「嘩啦啦……」
瓢潑的血色雨滴不斷拍打著山林的枯木,卻沖刷不掉殘尸身上那些詭異紋路。姜爻注視著尸體的傷口,心中忽然產生了一種似曾相識之感。
雨夜、山林、被啃噬過的尸體、還有那些蔓延出的黑色筋絡……他感覺自己好像在某個遙遠的過去也見過類似的場面,但具體在哪看到的卻總也想不起來。而且從理論上來說,如此驚悚的場景他應該從未經歷過才對。
姜爻又抬起頭,發現四周枯木上還殘留著許多彈痕,顯然這里曾發生過激烈的槍戰,這也更驗證了這些外國人確實是訓練有素的雇傭兵。

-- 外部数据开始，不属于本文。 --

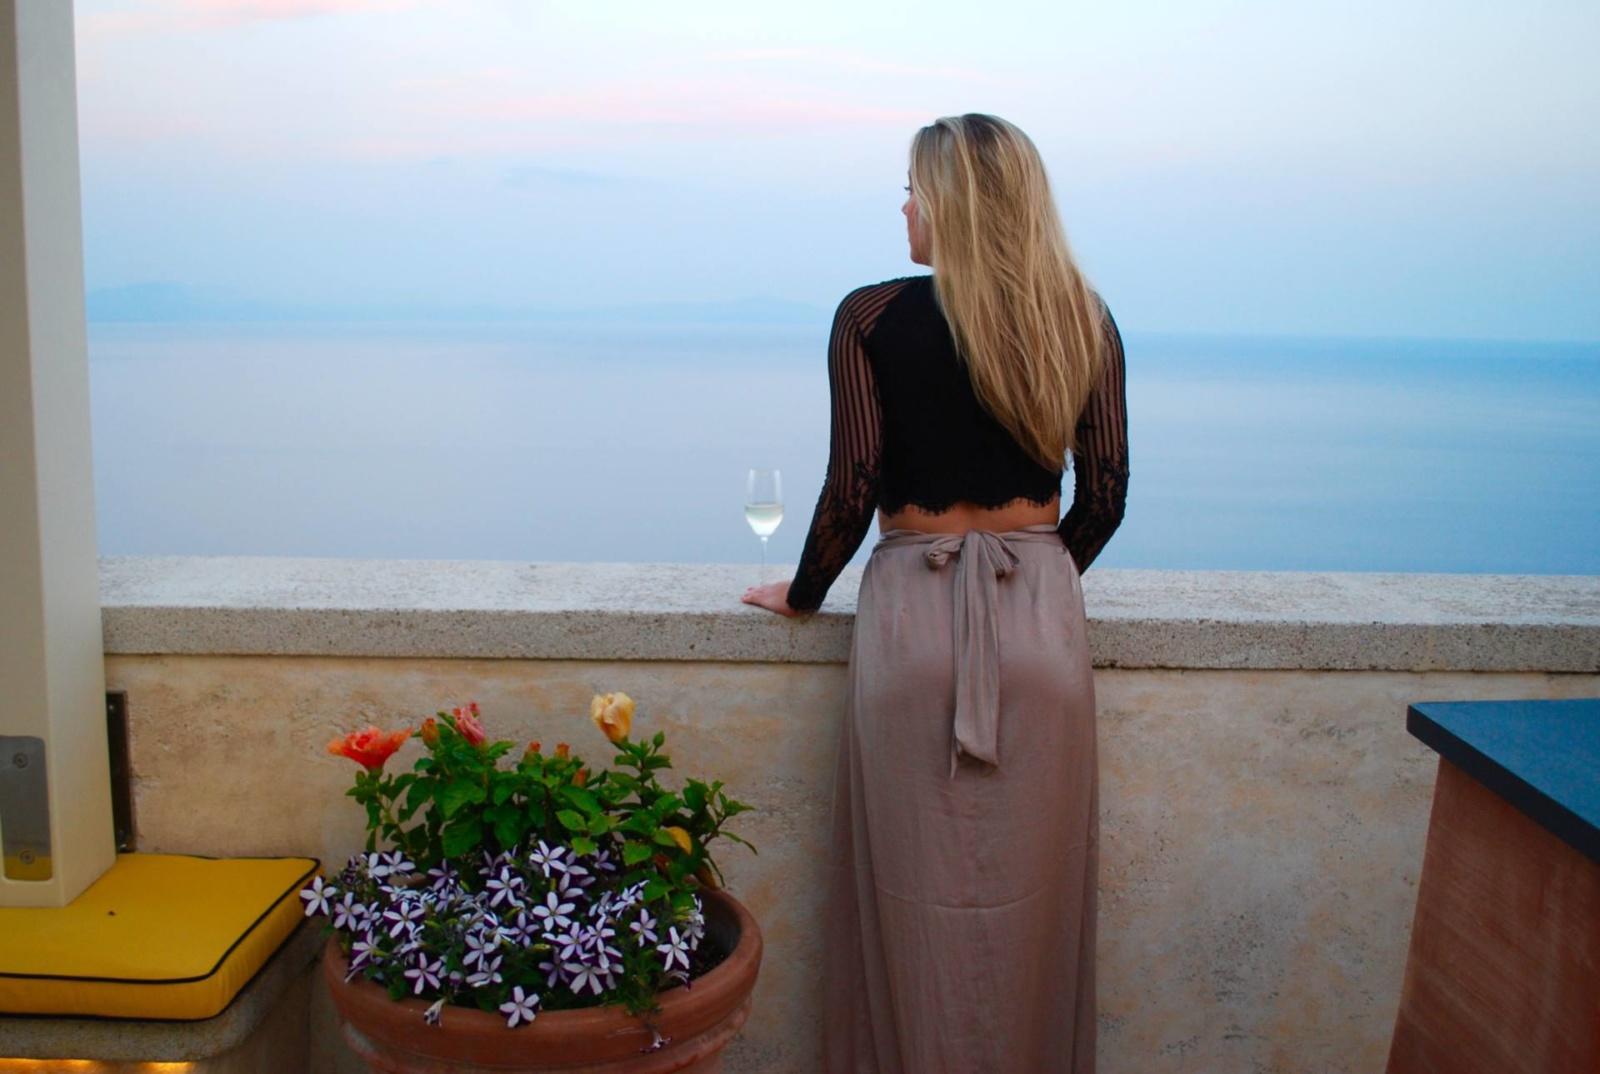 monastero-santa-rosa-amalfi-the-travelista-jess-gibson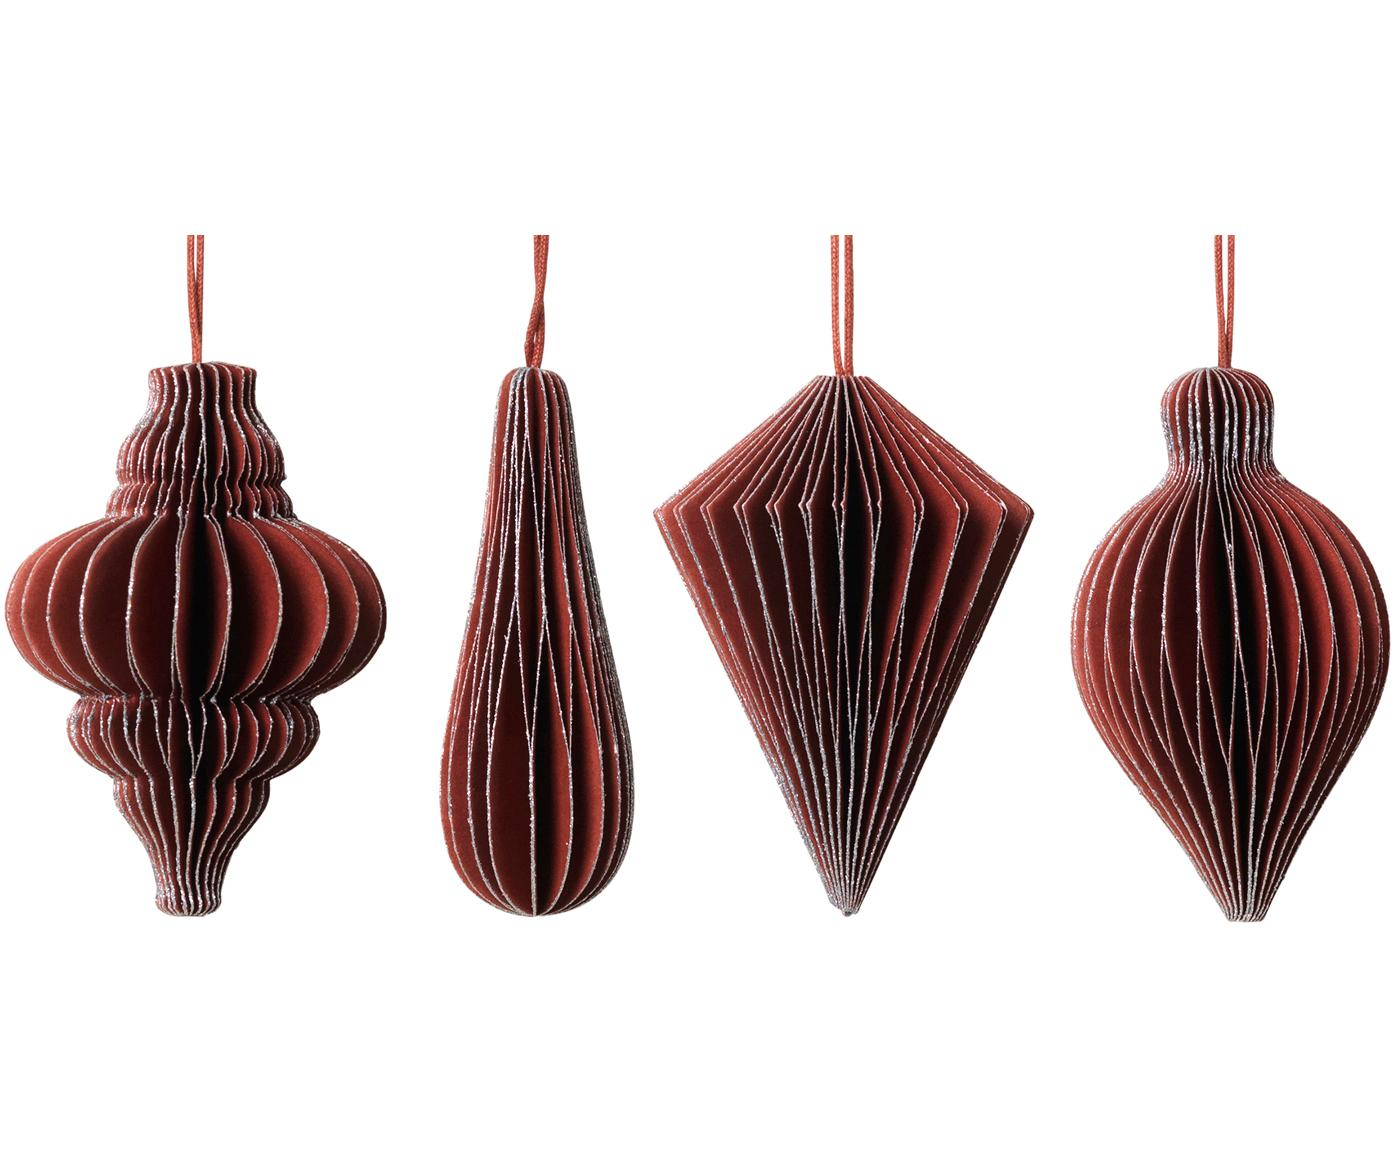 Baumanhänger-Set Winnie, 4-tlg., Papier, Rot, Silberfarben, Ø 5 x H 7 cm

但即便是這樣的精英隊伍,最終還是難逃慘死。
在那么多槍口下居然還能讓這群雇傭兵團滅,襲擊他們的家伙肯定不一般,到底是什么呢……唔?
姜爻忽然像察覺到了什么,似有所感地轉過身,然而映入眼簾的卻依然是靜謐陰森的枯木,并沒有其他人的蹤跡。
奇怪,我怎么感覺有人盯著我,是錯覺嗎?
姜爻有些不安,他不打算繼續磨蹭下去,于是立即俯身撿起一些散落的雇傭兵行李,打算從里面尋找能讓他從洼地脫身的裝備。不一會兒,他便找到一把小刀,幾條攀爬用的繩索和鐵爪,以及一些便攜應急裝備。
“這些應該夠了,至于其他的……”
姜爻嘀咕著,視線掃過地上零落的槍支,眉間微微皺了皺。自從十年前他繼父出事起,他便對槍支產生了嚴重的心理陰影,哪怕危險可能近在咫尺,他也并沒有要去碰槍的打算。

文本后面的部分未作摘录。